2. **Vocabulary differences**: Positive reviews contain words like "great", "excellent", "wonderful", "love", "good", "best", "amazing", "enjoy", "perfect", "brilliant".
3. **Negative reviews** contain words like "bad", "worst", "awful", "terrible", "horrible", "waste", "boring", "disappointing", "poor", "dull".
4. **Key insight**: While length may be similar, vocabulary clearly differs between positive and negative reviews, which makes sentiment classification feasible.

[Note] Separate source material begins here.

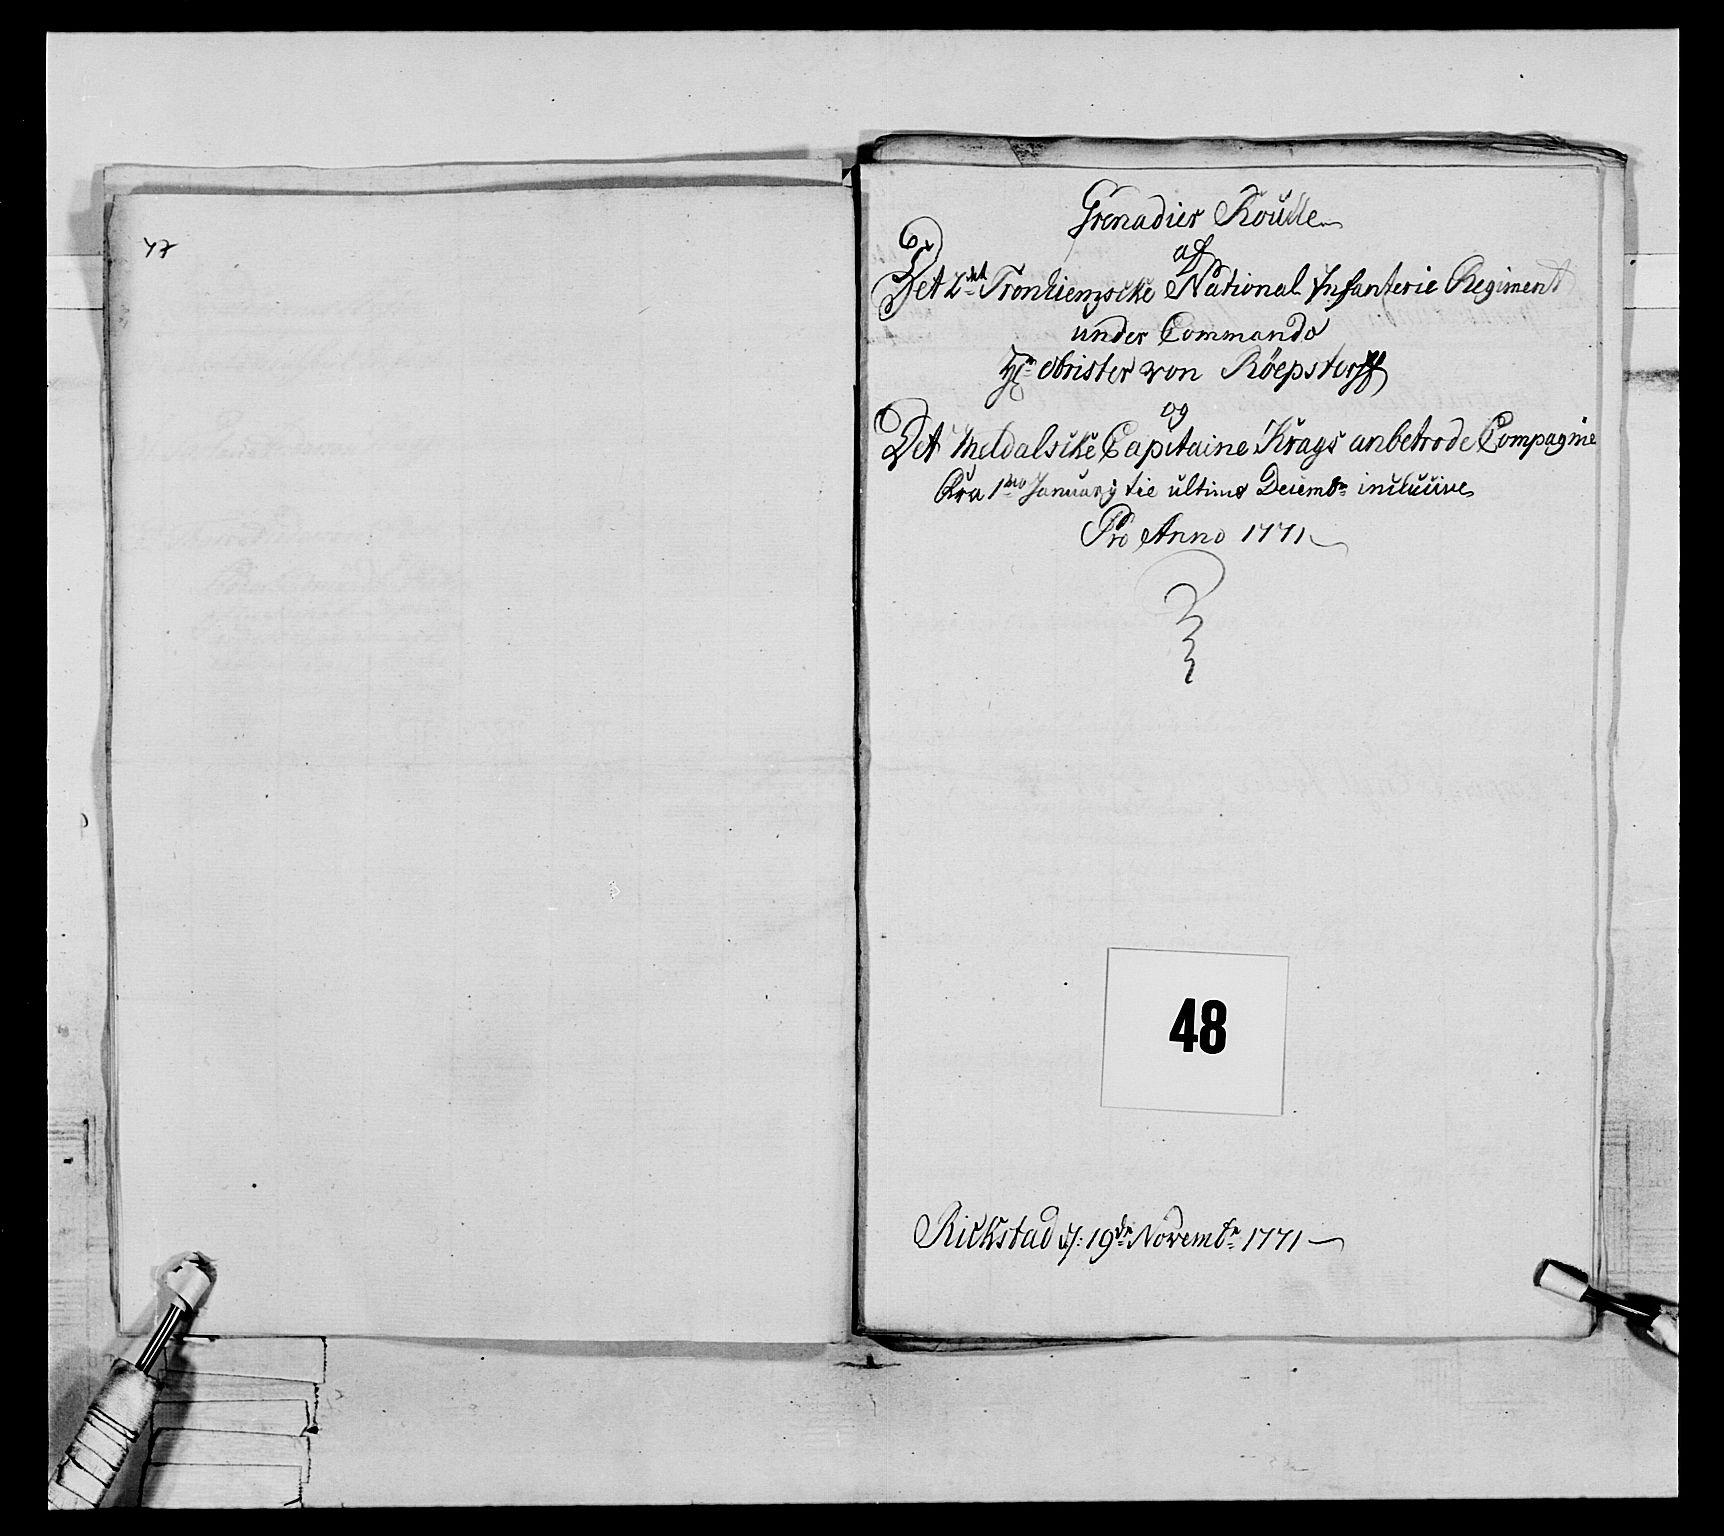 RA, Generalitets- og kommissariatskollegiet, Det kongelige norske kommissariatskollegium, E/Eh/L0076: 2. Trondheimske nasjonale infanteriregiment, 1766-1773, s. 157

### Part C: Feature Engineering

C1. Create sentiment lexicon score per review (positive − negative word counts)


In [None]:
# SENTIMENT LEXICON SCORE - TWO APPROACHES,  MANUAL LEXICON & DYNAMIC EXTRACTION
# (Choose ONE approach by commenting/uncommenting the appropriate sections below)
# ============================================================================
# 
# OPTION 1: MANUAL LEXICON
#   - Pros: Fast, interpretable, based on linguistic knowledge
#   - Cons: Limited coverage, may miss domain-specific terms
#
# OPTION 2: DYNAMIC EXTRACTION (Advanced - Data-Driven)
#   - Pros: Discovers domain-specific words automatically, data-driven
#   - Cons: More complex, may include noise, requires data to be loaded first
# ============================================================================

# OPTION 1: MANUAL LEXICON (Pre-defined word lists)
# Comment out this entire section if using OPTION 2

positive_words_lexicon = ['good', 'great', 'excellent', 'amazing', 'wonderful', 'fantastic', 
                          'love', 'like', 'best', 'perfect', 'brilliant', 'awesome', 'enjoy',
                          'beautiful', 'outstanding', 'superb', 'marvelous', 'fabulous', 'delightful']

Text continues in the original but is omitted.